During the year of 2010 and 2011, the deformation of the main sliding mass increased since May, and more surface cracks developed and increased into larger scales on the boundaries. The cracks on the eastern boundary were of compression-shearing character (L11), the cracks on the upper boundary were formed by tensile force (L9 and L10) (Fig. 5d), and the cracks on the western boundary are of shearing-tension character with echelon distribution (L2 -L4) (Fig. 2).

Results and Discussion

The decomposition of landslide displacement

Landslide total displacement can be decomposed into multi-level sub-sequences with various frequencies using the WT. In order to select an appropriate number of decomposition levels, Equation (1)^{43,44,45,46,47} was used in the proposed method:

$$L=\,{\rm{int}}[\mathrm{log}(N)]$$

(1)

where L is the decomposition level, and N is the number of time series data. Here, N is 54. The total displacement sequence was decomposed into 2 levels (i.e. L), which can be expressed as follows:

$${D}_{s}={D}_{a}+{D}_{h1}+{D}_{h2}$$

(2)

where D _s is the original total displacement; D _a is the low-frequency component; and D_h1 and D_h2 are the first and second high-frequency components, respectively. As the computational intelligence algorithms are more sensitive in their desired range, each sub-sequence of displacement was normalized into the desired range between [0,1] based on Equation (3) before modelling.

$${D}_{i}=\frac{{D}_{ori,i}-{D}_{ori,min}}{{D}_{ori,max}-{D}_{ori,min}}$$

(3)

where D _i are the normalized values, D _ori,i are the original values, \({D}_{ori,min}\) is the minimum value of an original sub-sequence, and \({D}_{ori,max}\) is the maximum value of an original sub-sequence. As shown in Fig. 4, the GPS station of SP-2 experienced the largest deformation. In this study, the displacement data of SP-2 form May 2007 to October 2010 was used for model training, and the data after October 2010 was used for performance test. After data normalization, the decomposition results of SP-2 are shown in Fig. 6.

Figure 6

The decomposition result of the total displacement of SP-2.

The modelling of displacement prediction

In the modelling of the proposed method, the radial basis function was adopted as the kernel function of KELM, and the parameters of the KELM, i.e. regularization coefficient c and kernel parameter γ, were optimized through the ABC algorithm and the training process. In the hybrid model of ABC-KELM, the parameters of c and γ were set as solution target, the KELM was set as solution function, and the root mean square error (REMS) of the fitting result of KELM was set as fitness (best cost).

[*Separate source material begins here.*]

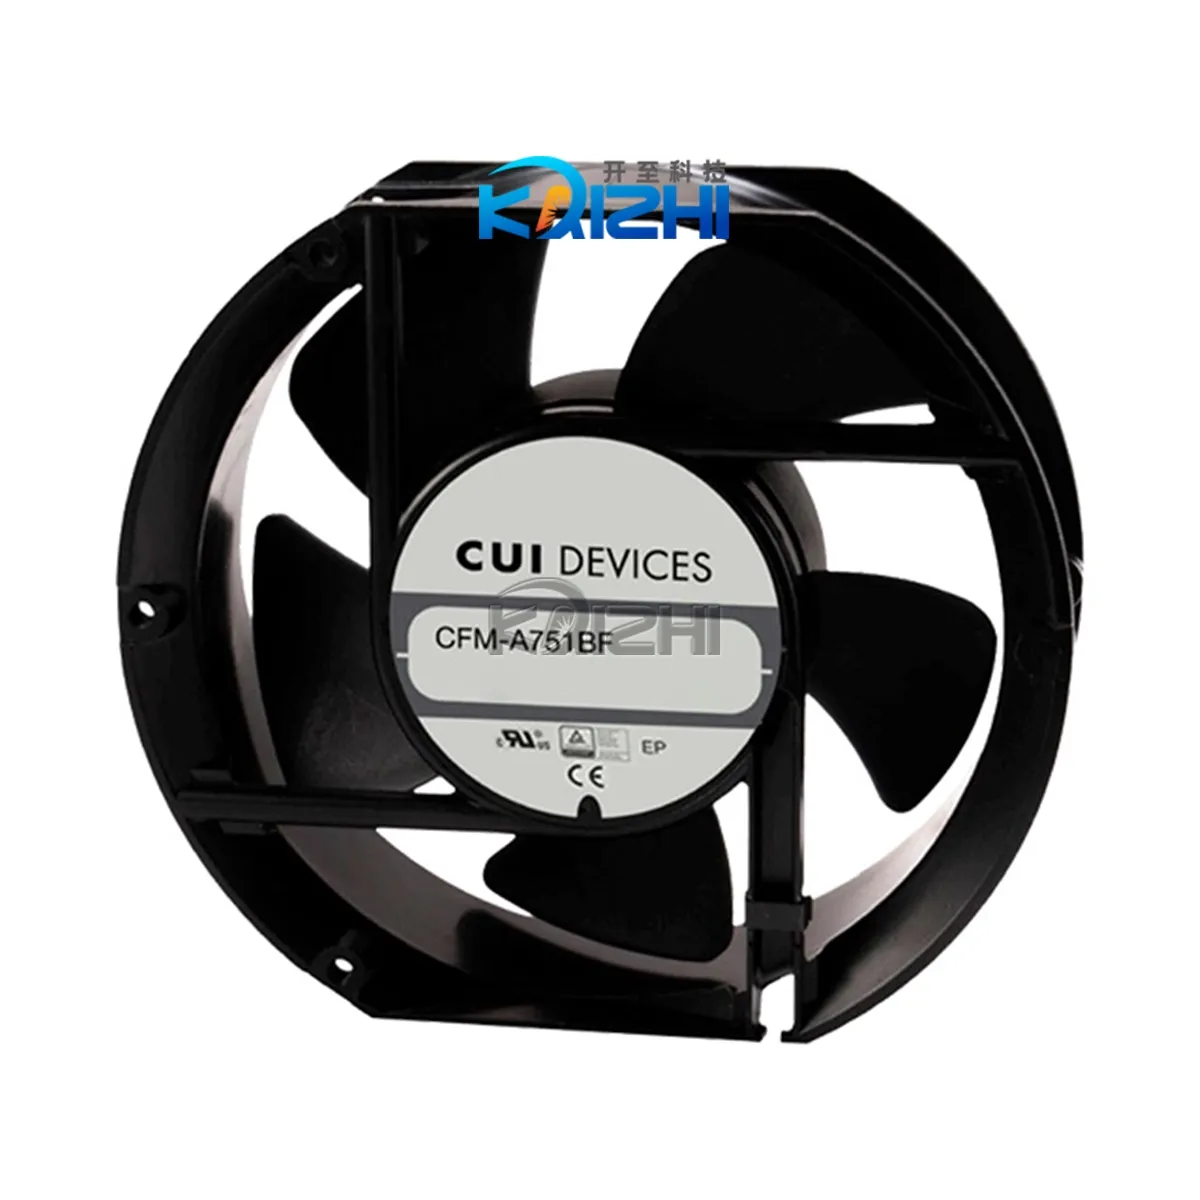 IN STOCK ORIGINAL BRAND FAN AXIAL 172X51.5MM 12VDC WIRE CFM-A751BF-135-533-22

In the optimization processing, the problem solution (c and γ) was selected through the strategy of ABC algorithm, and the corresponding REMS was calculated for fitness comparison (see the Methods Section). The initial parameters of the ABC algorithm, namely the maximum number of iterations, the number of population, and the acceleration threshold were set as 30, 50, and 20, respectively.

Each displacement sub-sequence was predicted separately using the ABC-KELM model. The best cost in the parameters optimization processes of the three sub-sequences is shown in Fig. 7. The optimized parameters and inputs for each sub-sequence modelling are shown in Table 1. The fitting and prediction results of each sub-sequence can be calculated (Fig. 8) based on Equation (3). As per the decomposition principle of the displacement time series (Equation (2)), the predicted total displacement was obtained by summing up the predicted values of all the sub-sequences (Fig. 8).

Figure 7

The parameters searching process for the three sub-sequences predictions: (a) the low-frequency, (b) the 1st high-frequency, and (c) the 2nd high-frequency.

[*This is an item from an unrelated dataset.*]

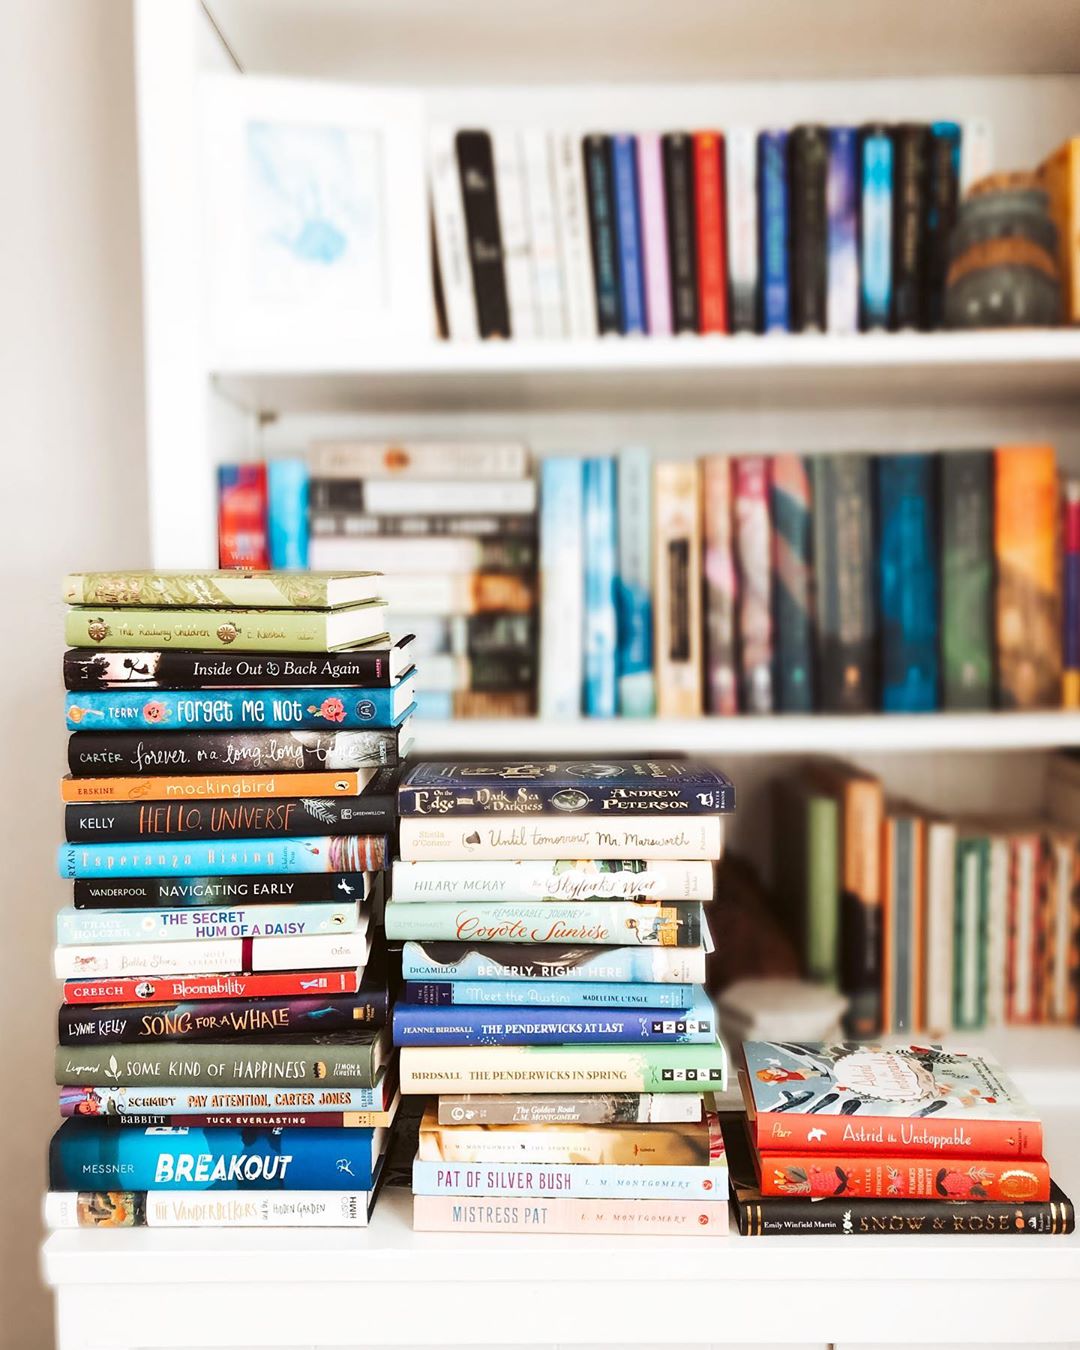 Books stacked by a bookshelf. Photo by Instagram user @lifebetweenwords

Table 1 The parameters and inputs of the prediction models for sub-sequences.

Figure 8

The results of fitting and prediction values of SP-2.

To verify the performance of the proposed method, four methods, namely, the ABC-KELM, WT-ELM, ELM and SVM^21,48, were executed with the same data. Regarding the ABC-KELM method, the parameters of KELM were optimized using the ABC algorithm. The optimal regularization coefficient and the kernel parameter were 1.0*10⁶ and 1492.9397, respectively. The number of the neurons in the hidden layer (i.e. an integer) is the sole parameter of the ELM algorithm. It was selected by the trial-and-error approach within the range from 1 to 50. For the WT-ELM method, the number of the neurons of the low-frequency, the 1st high- frequency, and the 2nd high-frequency were 10, 15, and 21, respectively. For the ELM method, the number of the neurons was set as 10. The radial basis function was applied as the kernel function of SVM, and the penalty factor ɵ and the kernel function g were set as 85.4376 and 0.01, respectively. The parameters and inputs of the four models used for comparison are shown in Table 2. Their predicted total displacements are shown in Fig. 9.

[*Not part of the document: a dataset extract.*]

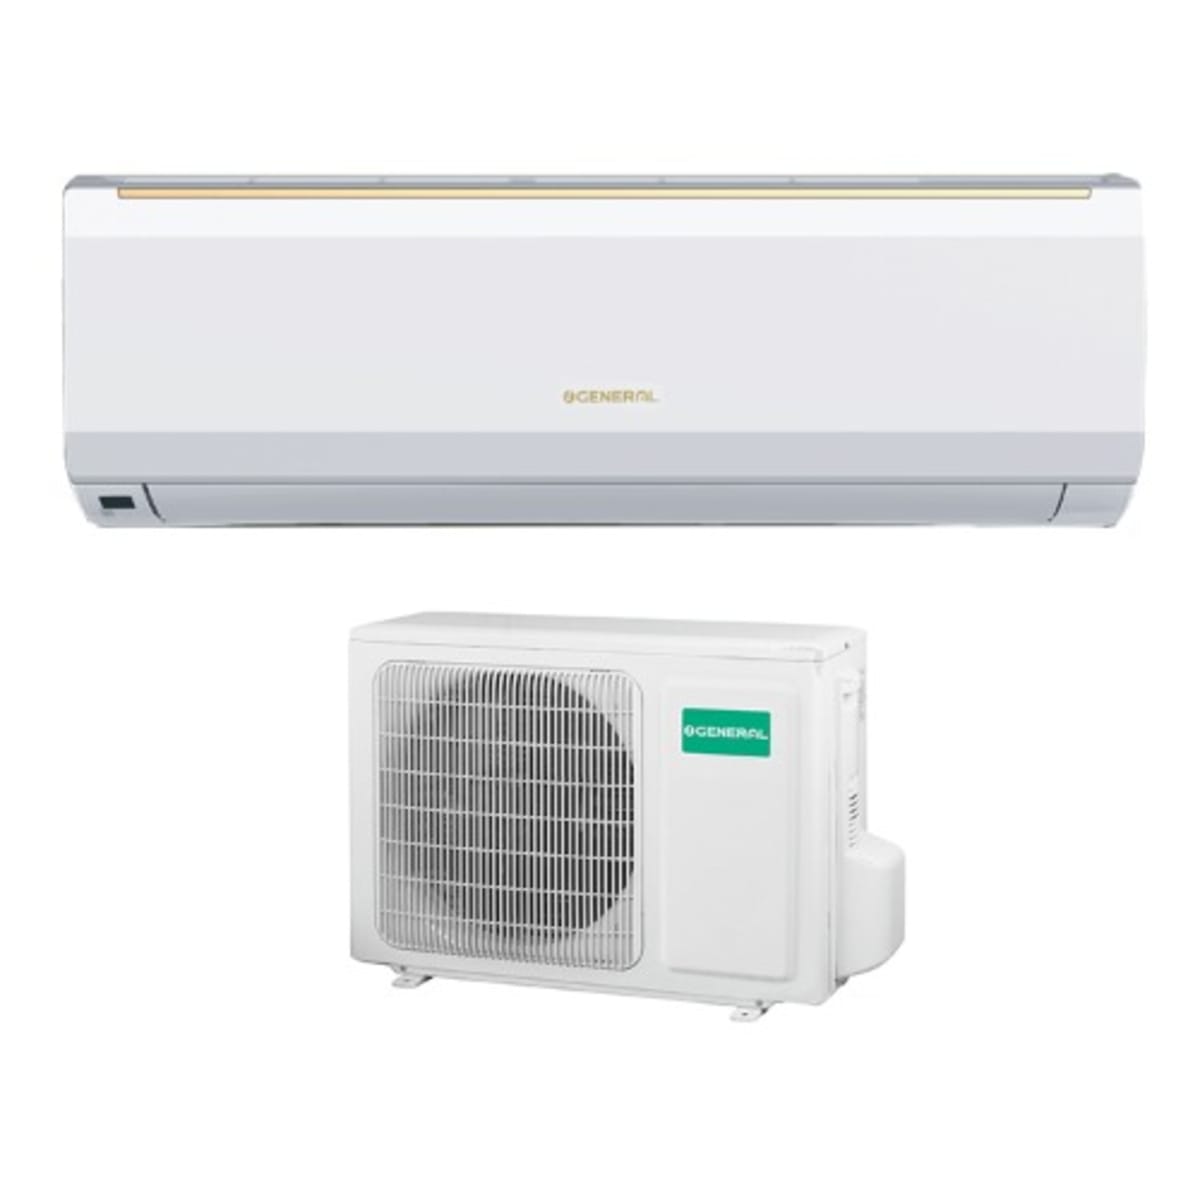 O General Inverter Split Copper Air Conditioner – R410a | Konga Shopping

Table 2 The parameters and inputs of the four compared methods.

Figure 9

The predicted results of the compared methods: (a) ABC-KELM, (b) WT-ELM,(c) ELM, and (d) SVM.

Accuracy comparison and discussion

Validation is an essential component in testing the effectiveness and scientific significance of the method applied for landslide displacement prediction study. Three statistical indexes –the root mean square error (RMSE), the mean absolute percentage error (MAPE), and the correlation coefficient (R)– were used for assessing the prediction accuracy of the five prediction methods (Table 3).

Table 3 The accuracy comparison of the prediction methods.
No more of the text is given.